Causation: The Most Important Idea You're Probably Getting Wrong
There’s a famous chart that shows a near-perfect correlation between the per capita consumption of mozzarella cheese in the United States and the number of civil engineering doctorates awarded each year. The line traces are almost identical. If you didn’t know better, you might think that eating more cheese somehow causes more people to get engineering PhDs, or vice versa.
Of course, this is absurd. Both happened to rise together during a period of economic growth, driven by completely independent forces. But that’s exactly the point: correlation is easy to find, and our brains are wired to interpret it as causation.
Understanding causality — what actually causes what — is arguably the second most important concept in scientific thinking, right after the scientific method itself.
Why Causation Is So Confusing
Confounders: The Hidden Third Variable
Most spurious correlations share a common structure: two things are correlated not because one causes the other, but because a third variable — a confounder — drives both.
Ice cream sales and drowning deaths are positively correlated. Does ice cream cause drowning? No. Hot summer weather causes both: people buy more ice cream and swim more, and some swimmers drown. Remove the season effect, and the correlation vanishes.

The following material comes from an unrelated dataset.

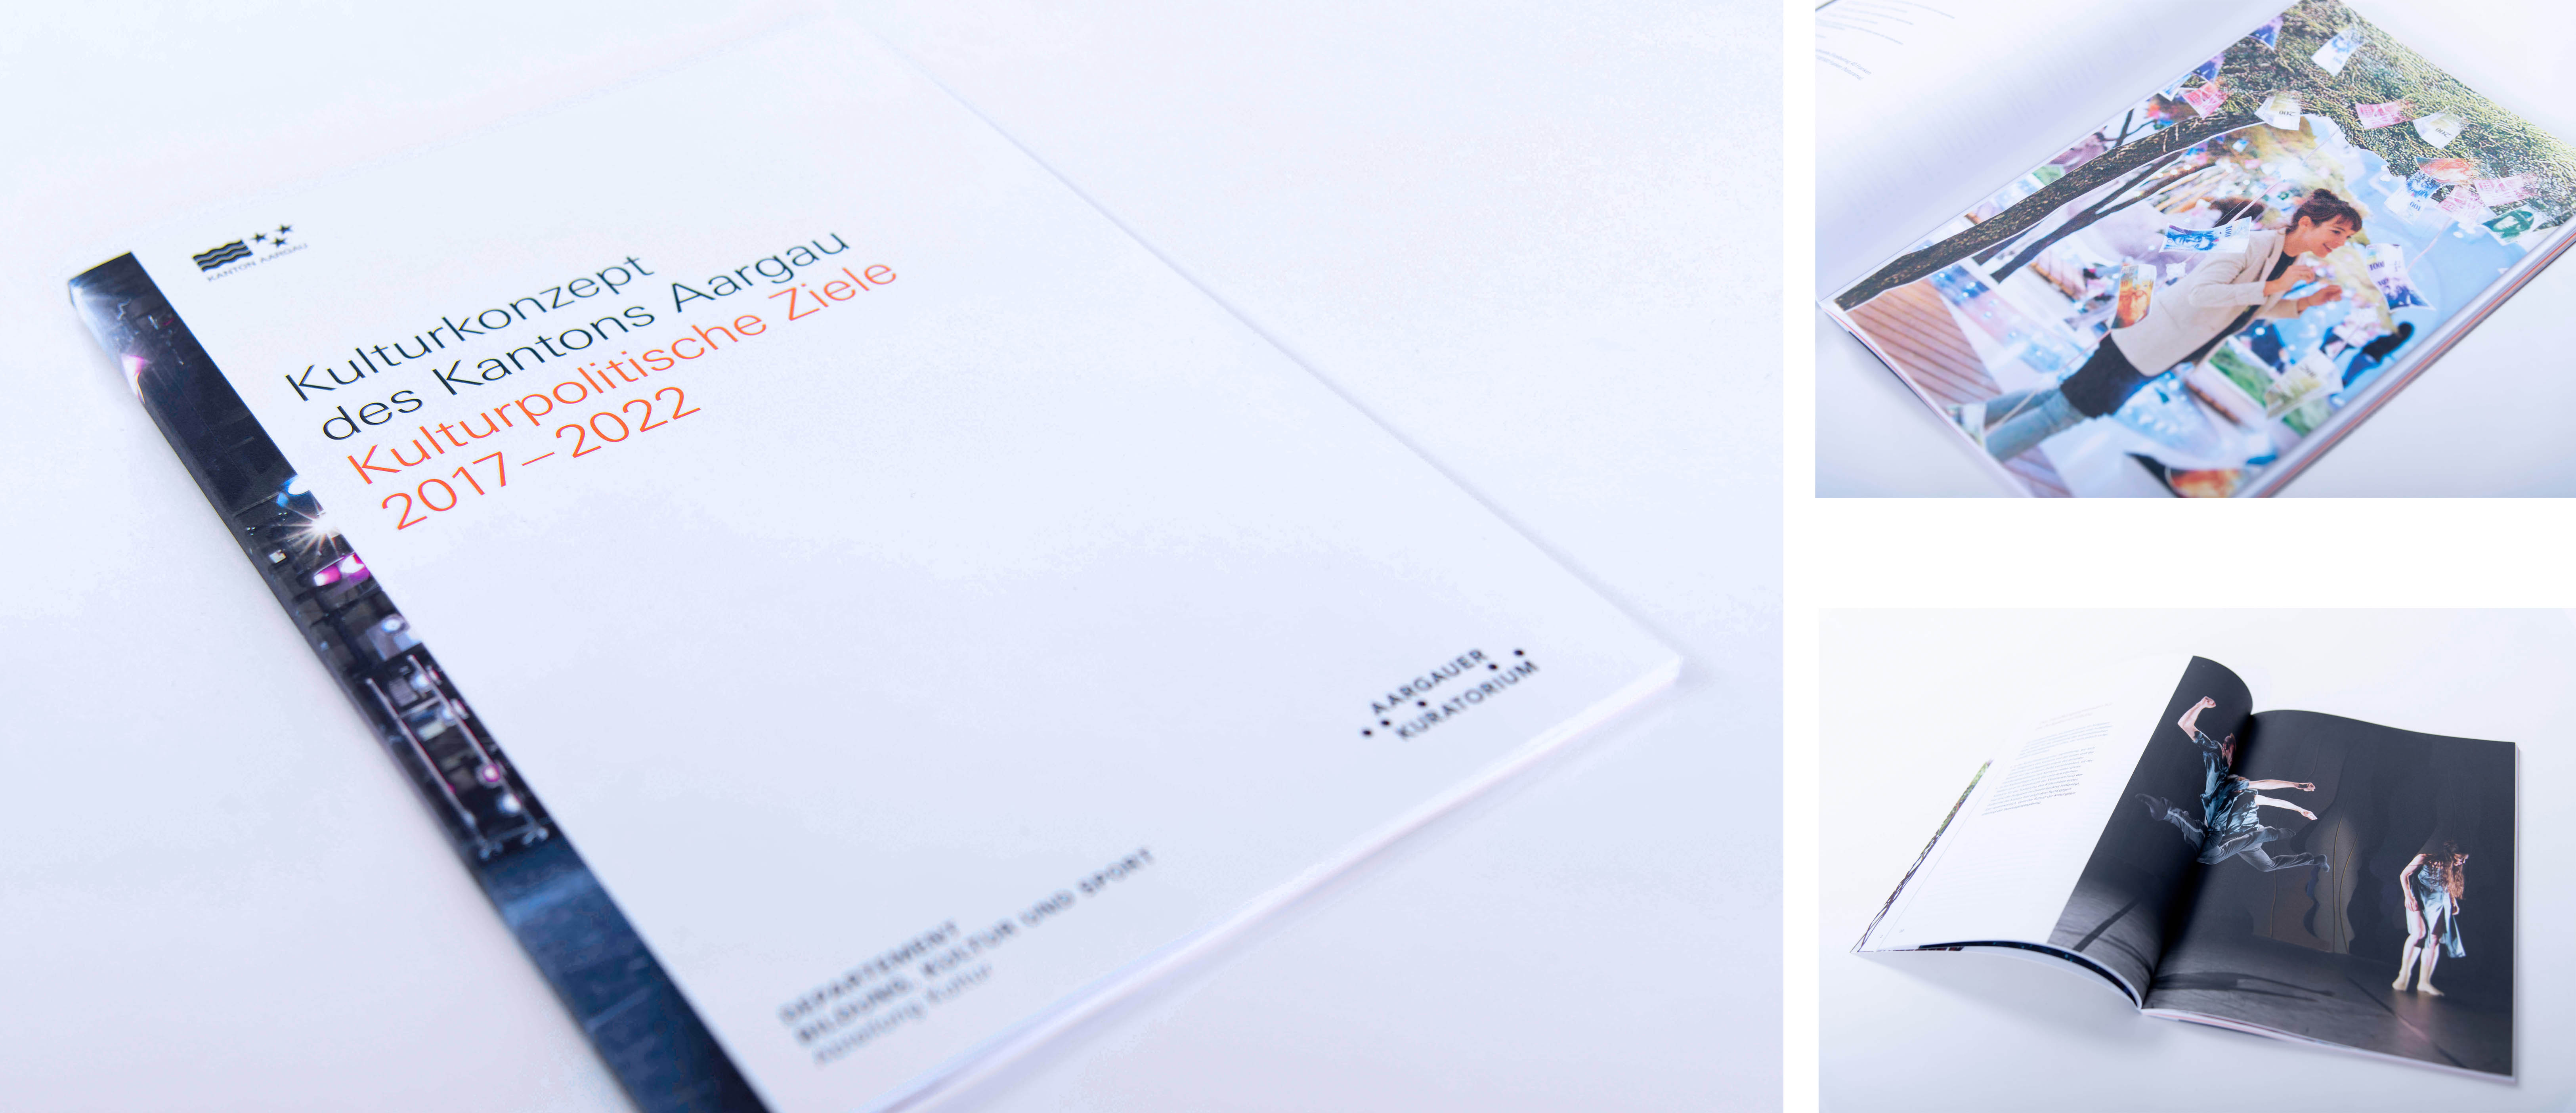 Kanton Aargau – Kulturkonzept 2017-2022, Editorial Design

In medicine, this is dangerous. For decades, observational studies showed that people who took vitamins had better health outcomes. This led to a billion-dollar supplement industry. But the confounder was lifestyle: people who take vitamins also tend to eat better, exercise more, and see doctors regularly. When randomized trials were finally done, most vitamins showed no benefit — and some, like high-dose beta-carotene for smokers, actually increased cancer risk.
Reverse Causation
Sometimes the causal arrow points the other way from what you’d expect.

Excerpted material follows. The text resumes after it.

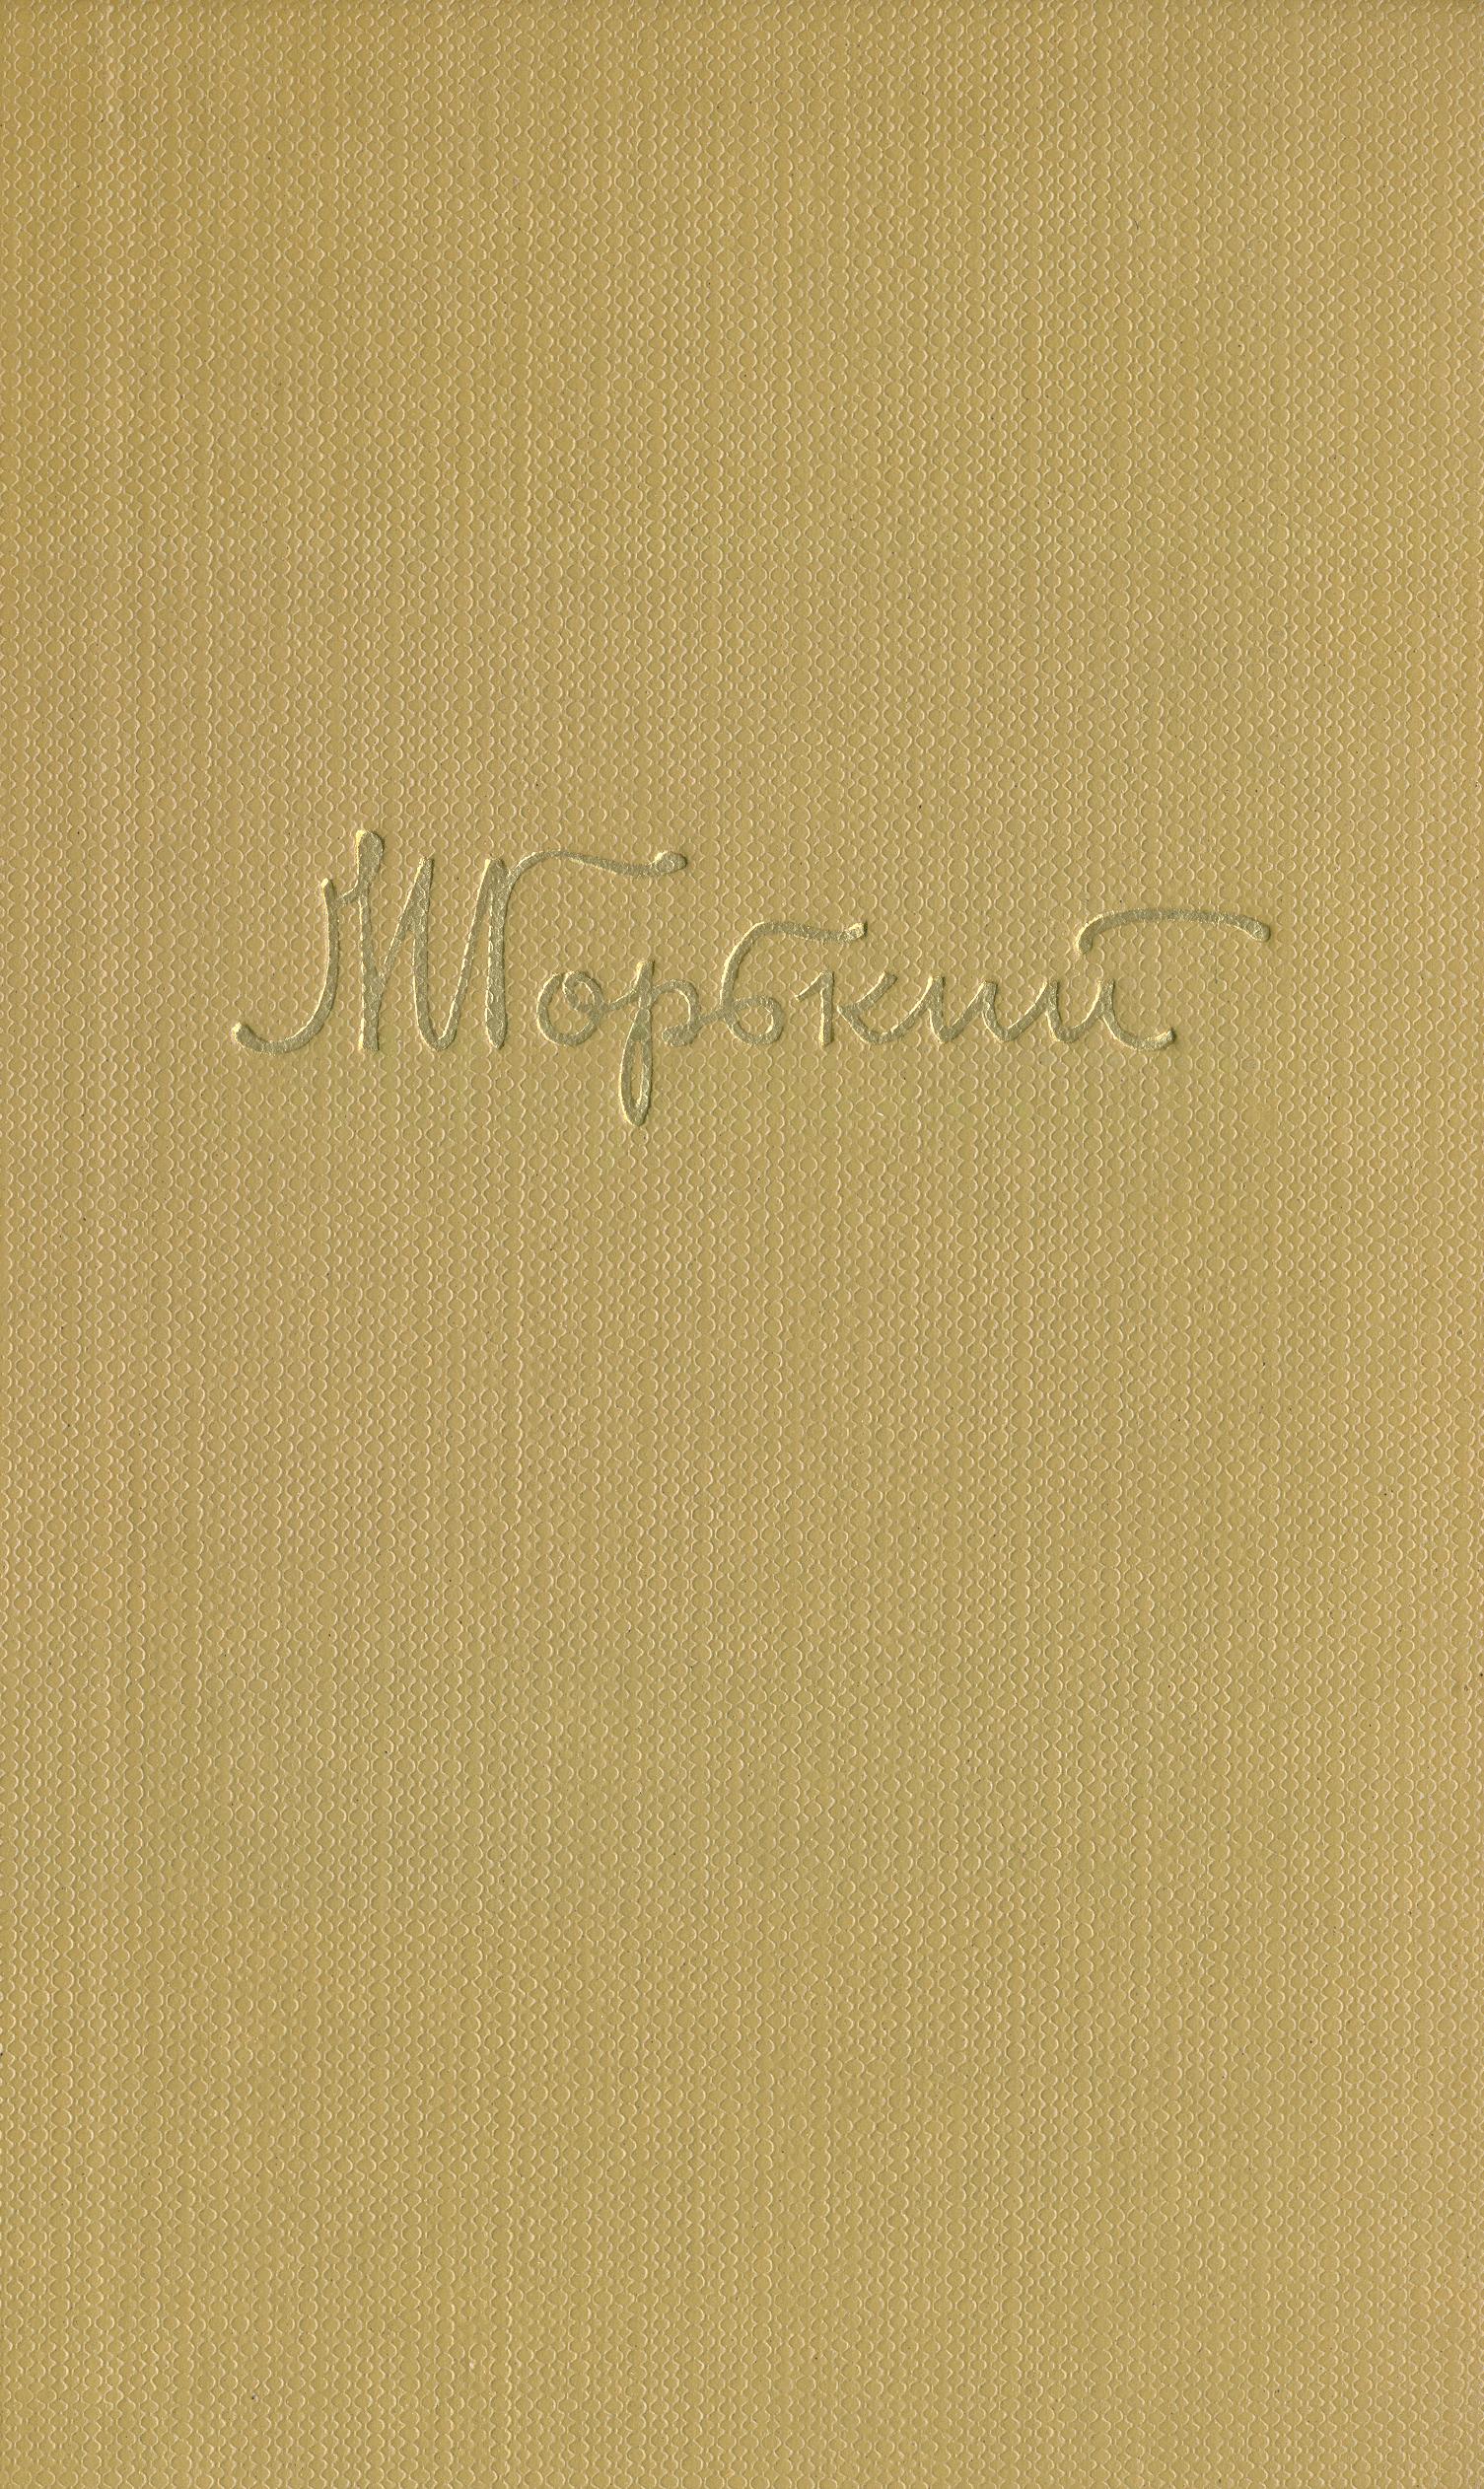 М. Горький М. Горький. Собрание сочинений в 18 томах. Том 7 цена

Hospitals are full of sick people. Does being in a hospital make you sick? Of course not — being sick is what sends you to the hospital. But naive data analysis might miss this.

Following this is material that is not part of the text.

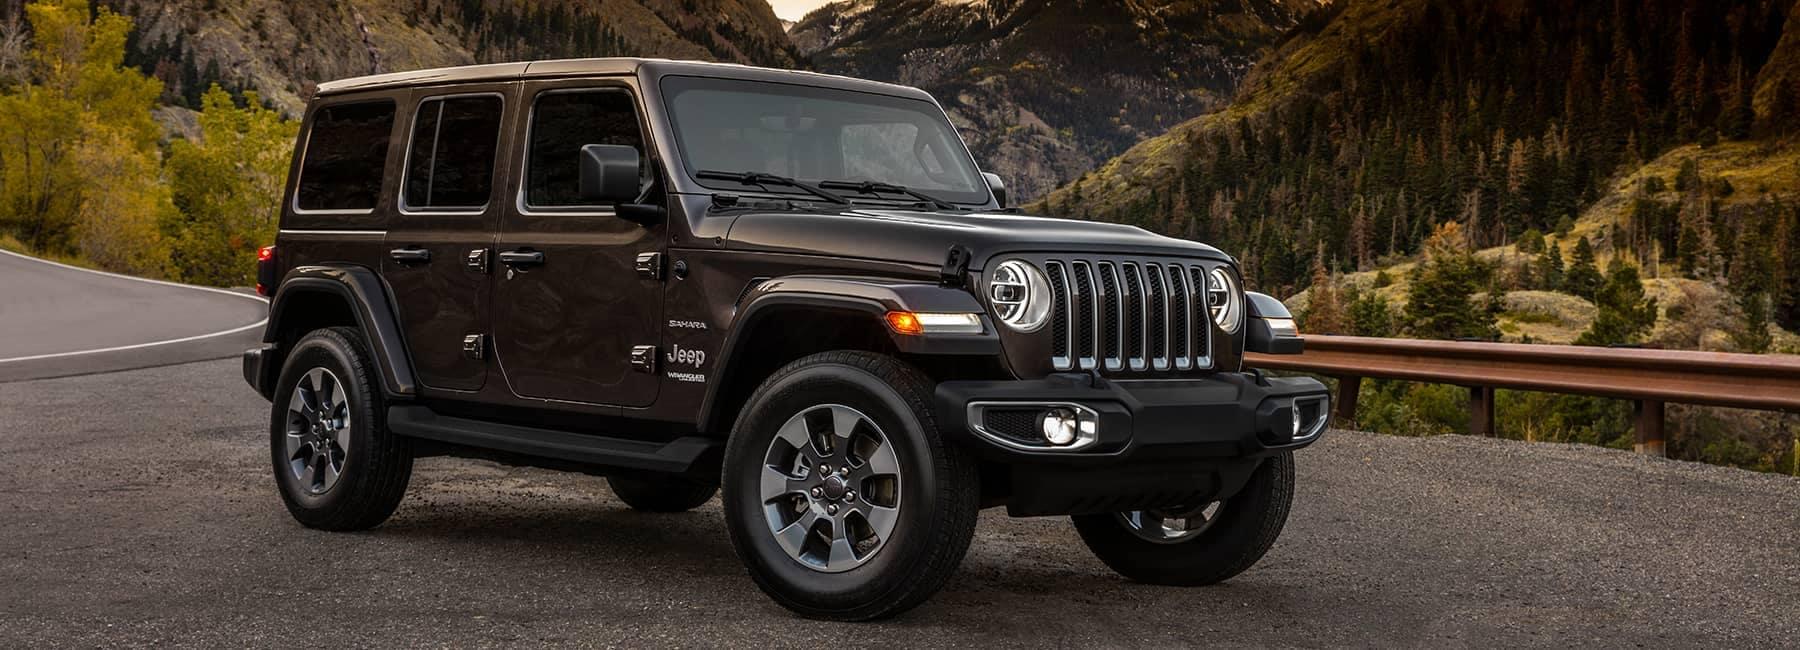 Jeep Wrangler Trim Levels Mansfield MA

Consider: companies that hire consultants often perform poorly afterwards. Does hiring consultants destroy value? Maybe sometimes — but mostly, companies hire consultants because they’re already struggling. The poor performance was already in motion.
Or: people who carry umbrellas are more likely to get rained on. Does carrying an umbrella attract rain? No — people bring umbrellas when they expect rain.
Reverse causation is particularly insidious in social science. Does poverty cause crime, or does crime cause poverty? The honest answer is probably both, which brings us to the next problem.
Bidirectional Causation and Feedback Loops
Many real-world systems have causal relationships that run in both directions simultaneously. Stress causes poor sleep. Poor sleep increases stress. You cannot cleanly separate cause and effect because the system is a loop.
In economics: does growth cause investment, or does investment cause growth? Both. In health: does depression cause inactivity, or does inactivity cause depression? Both.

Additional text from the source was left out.